Which lines run from the one with "Tracing letter uppercase C with 3 lines" through the end of the data? Retype them exactly, without pictures.

(DATASET SECTION)
■ ■ ■ ■ ■
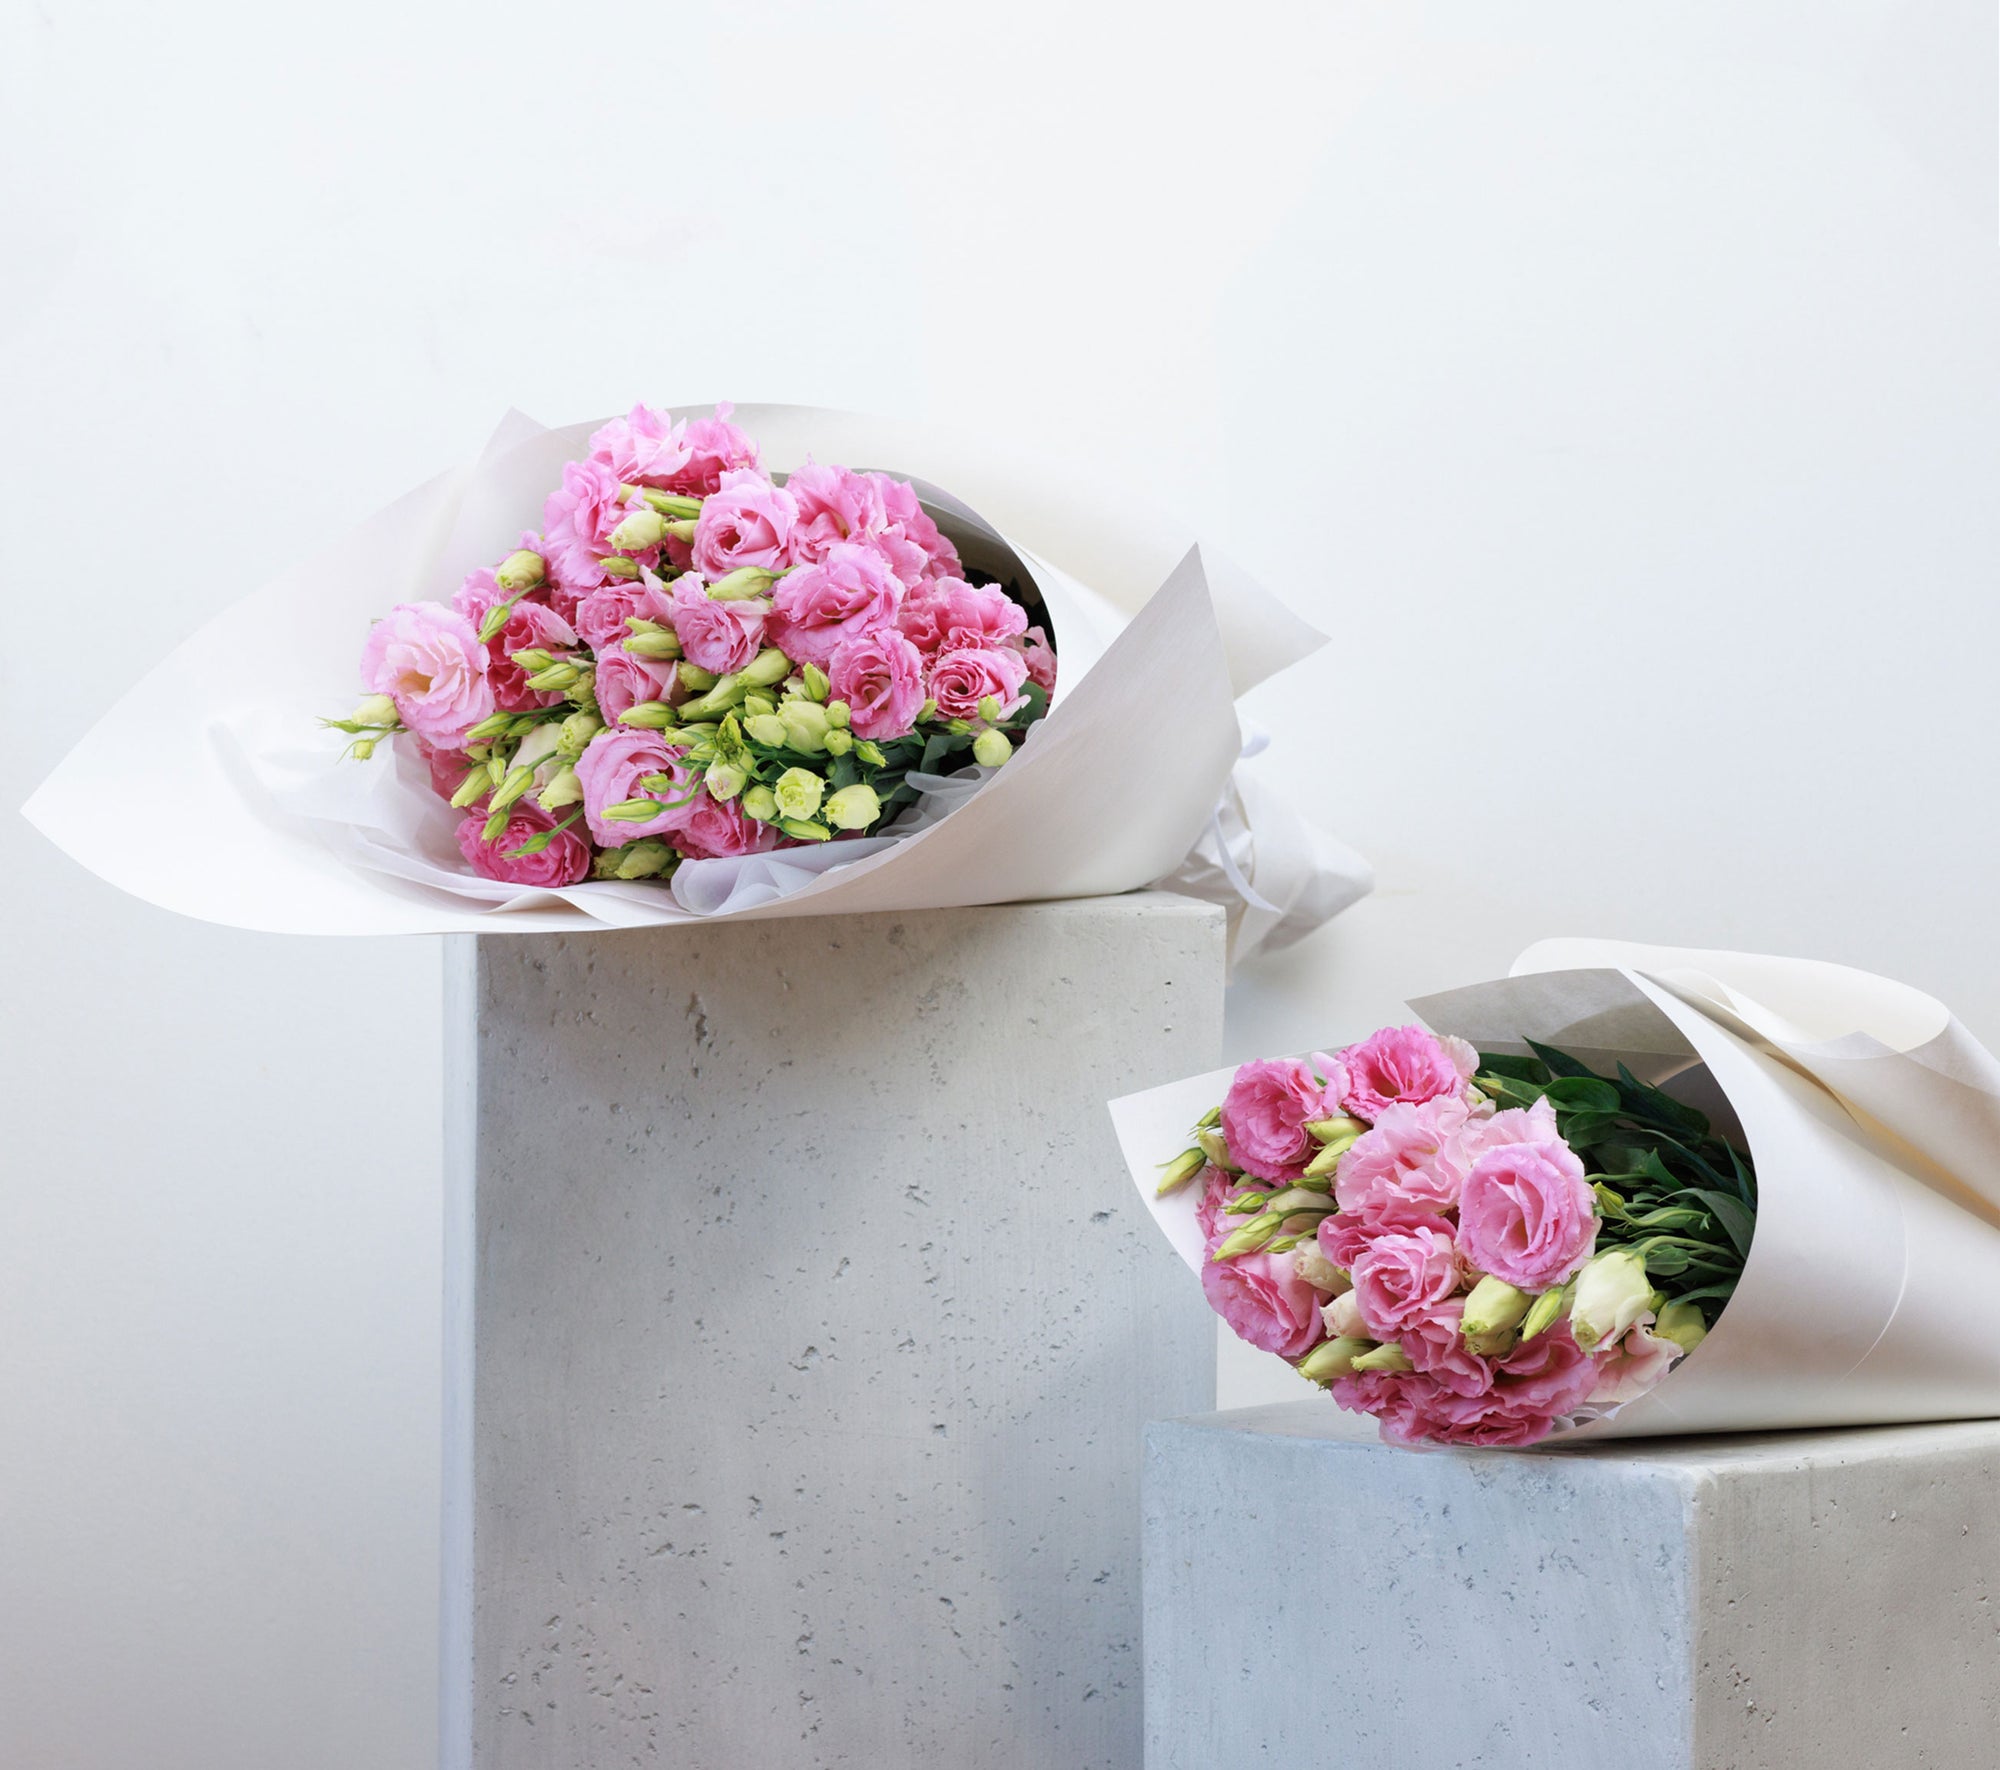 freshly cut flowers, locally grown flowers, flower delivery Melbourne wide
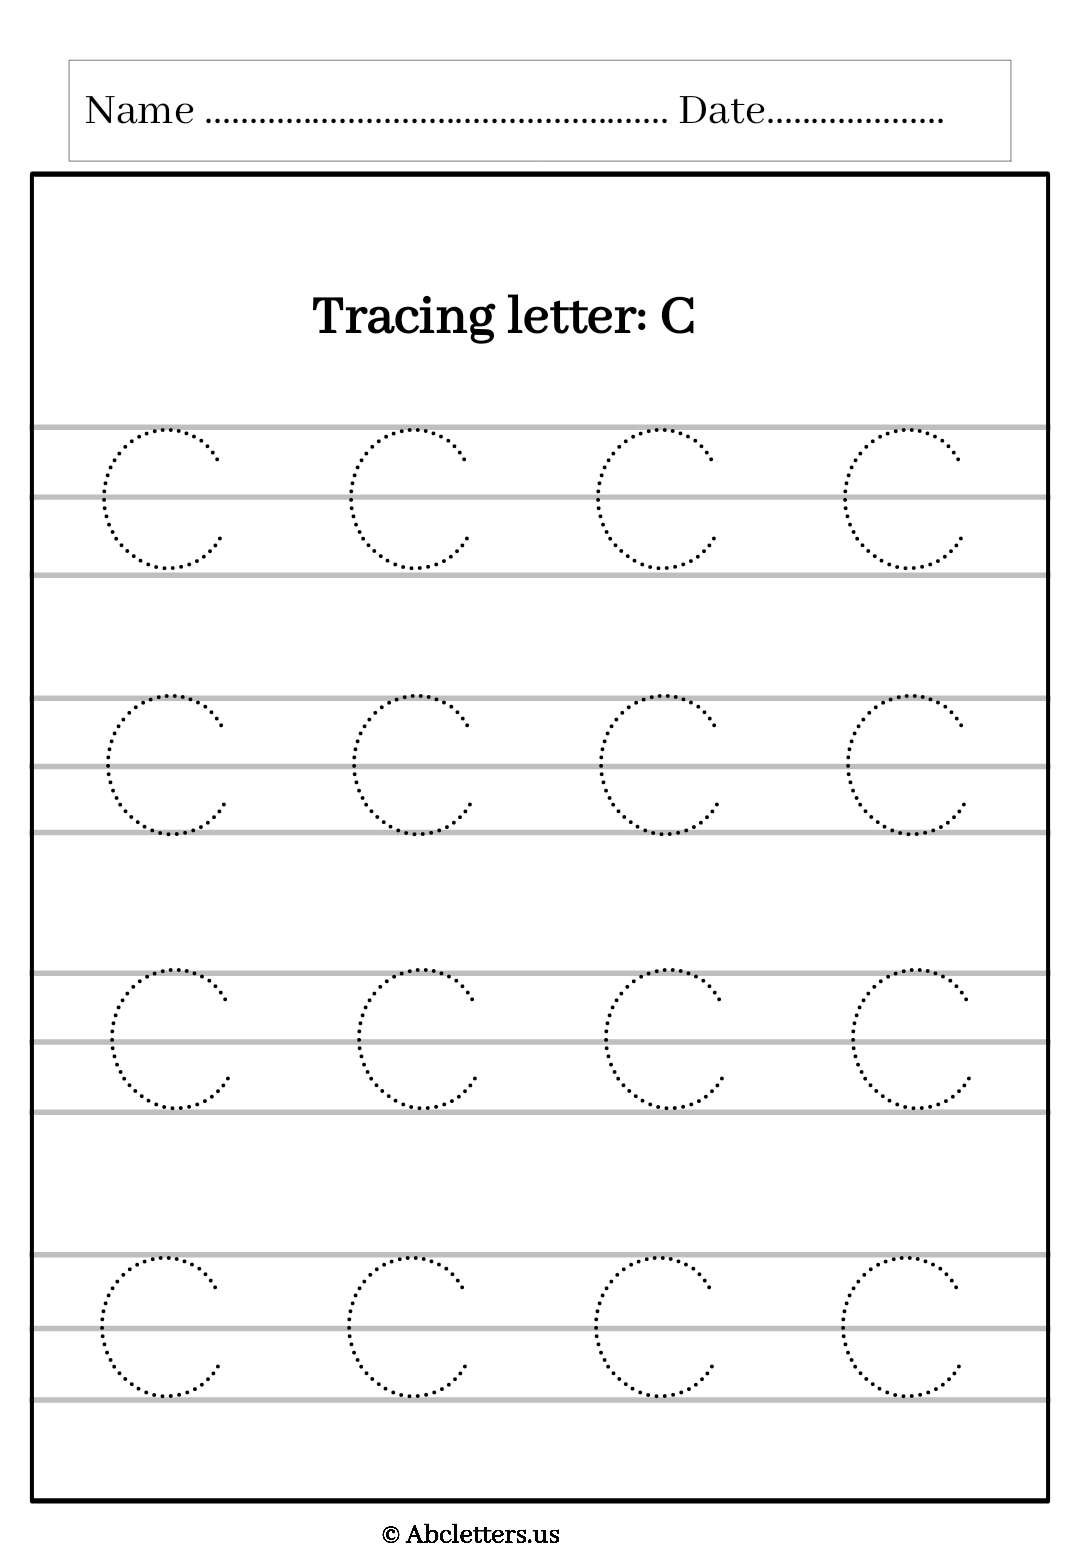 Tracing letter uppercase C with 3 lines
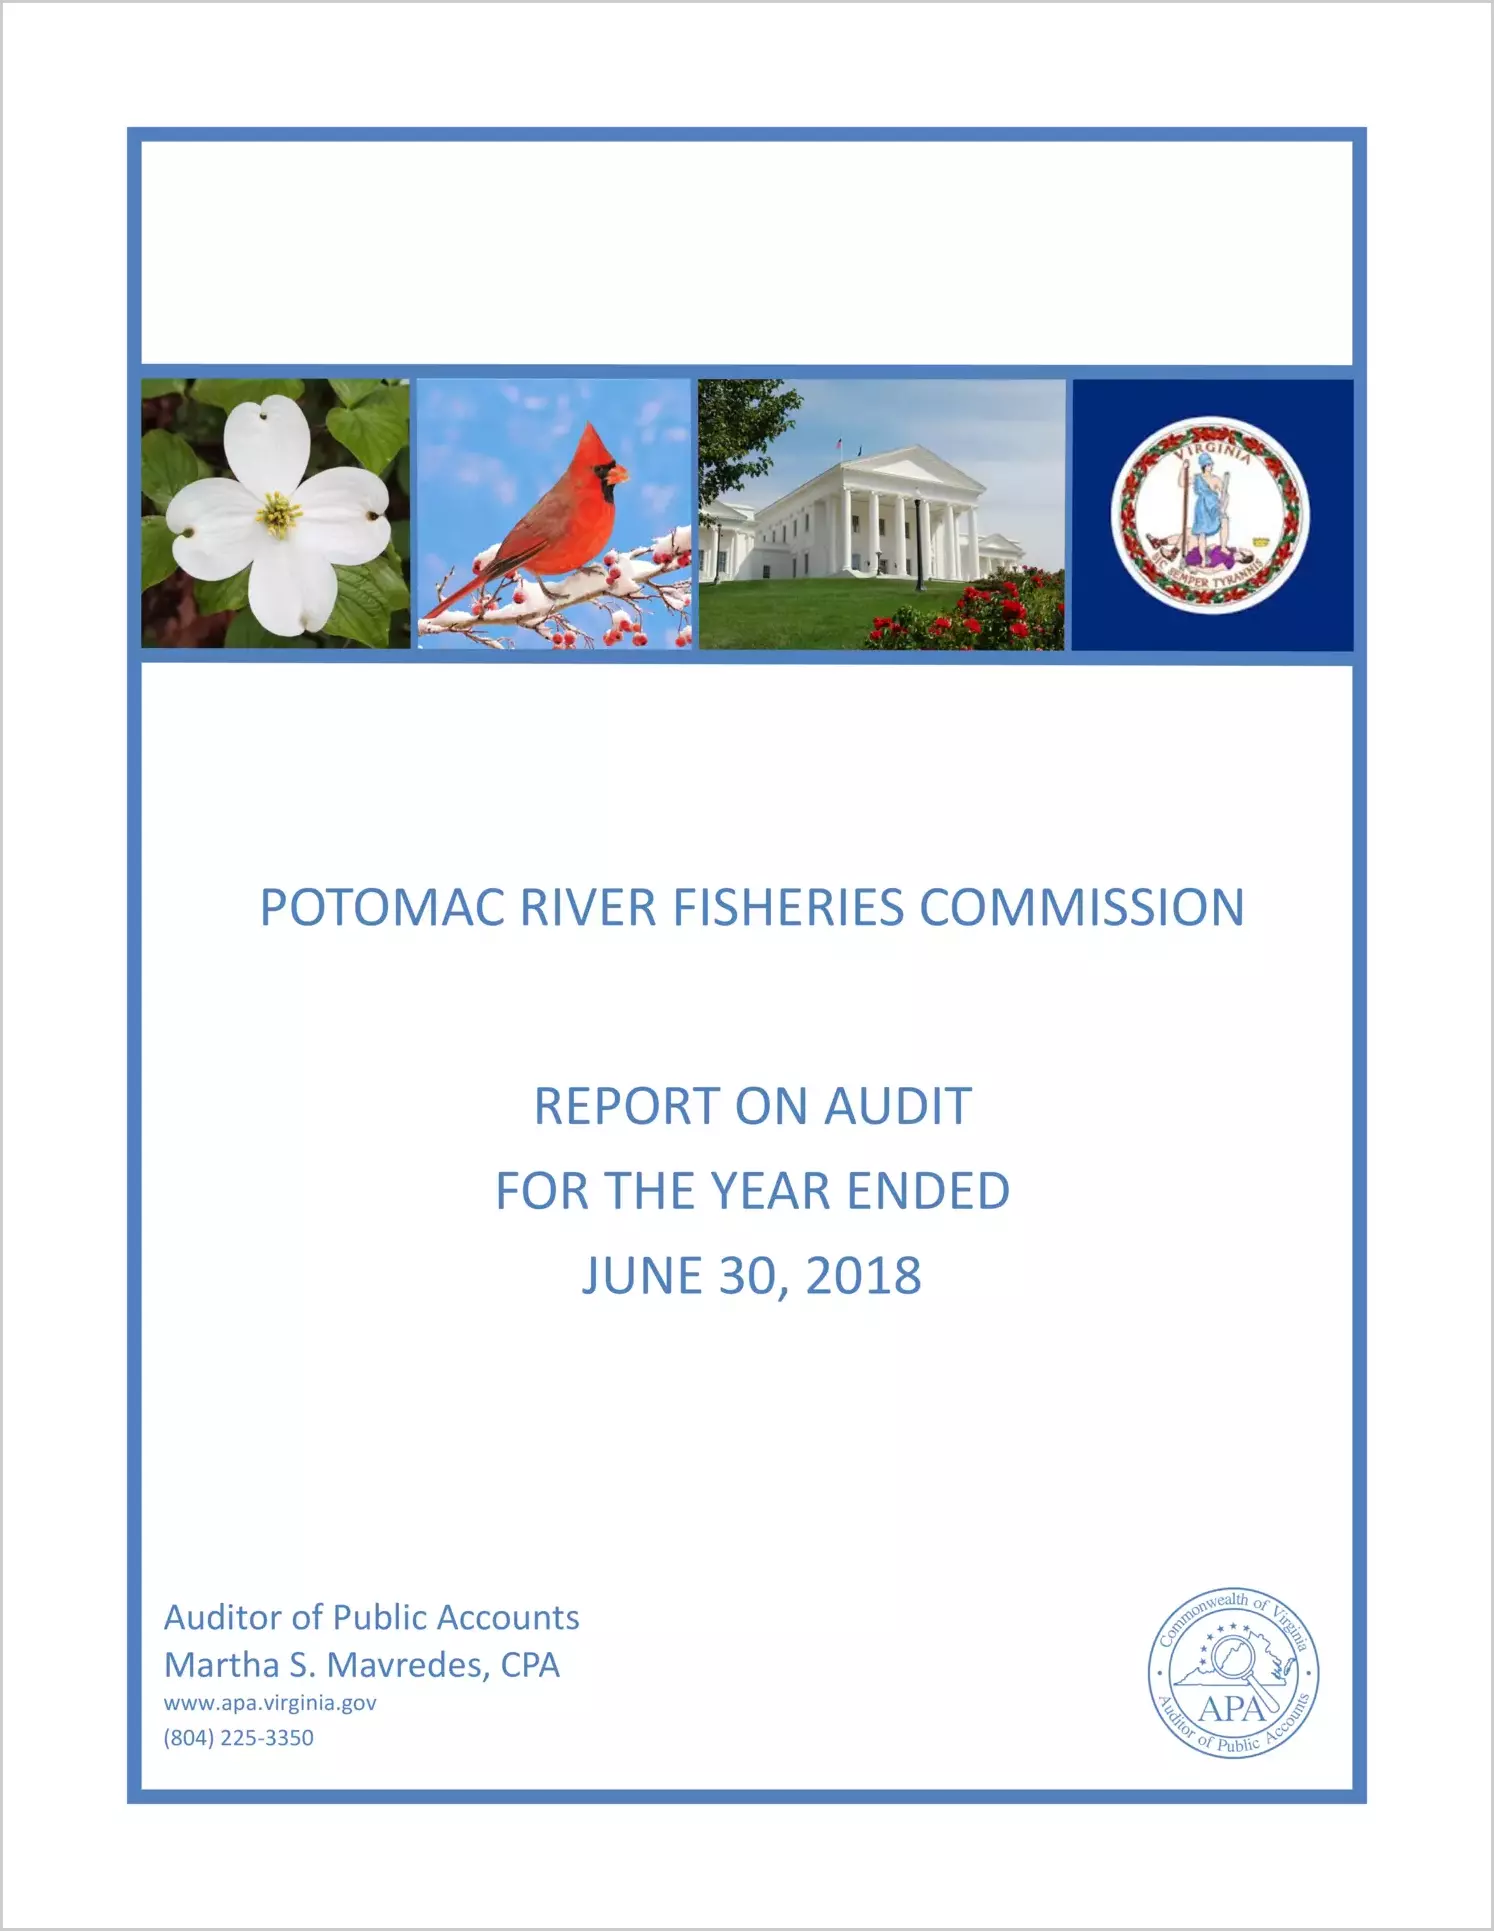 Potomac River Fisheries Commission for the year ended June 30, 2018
■ ■ ■ ■ ■
(OUTPUT FOR THIS EXERCISE)
 Tracing letter uppercase C with 3 lines
 Potomac River Fisheries Commission for the year ended June 30, 2018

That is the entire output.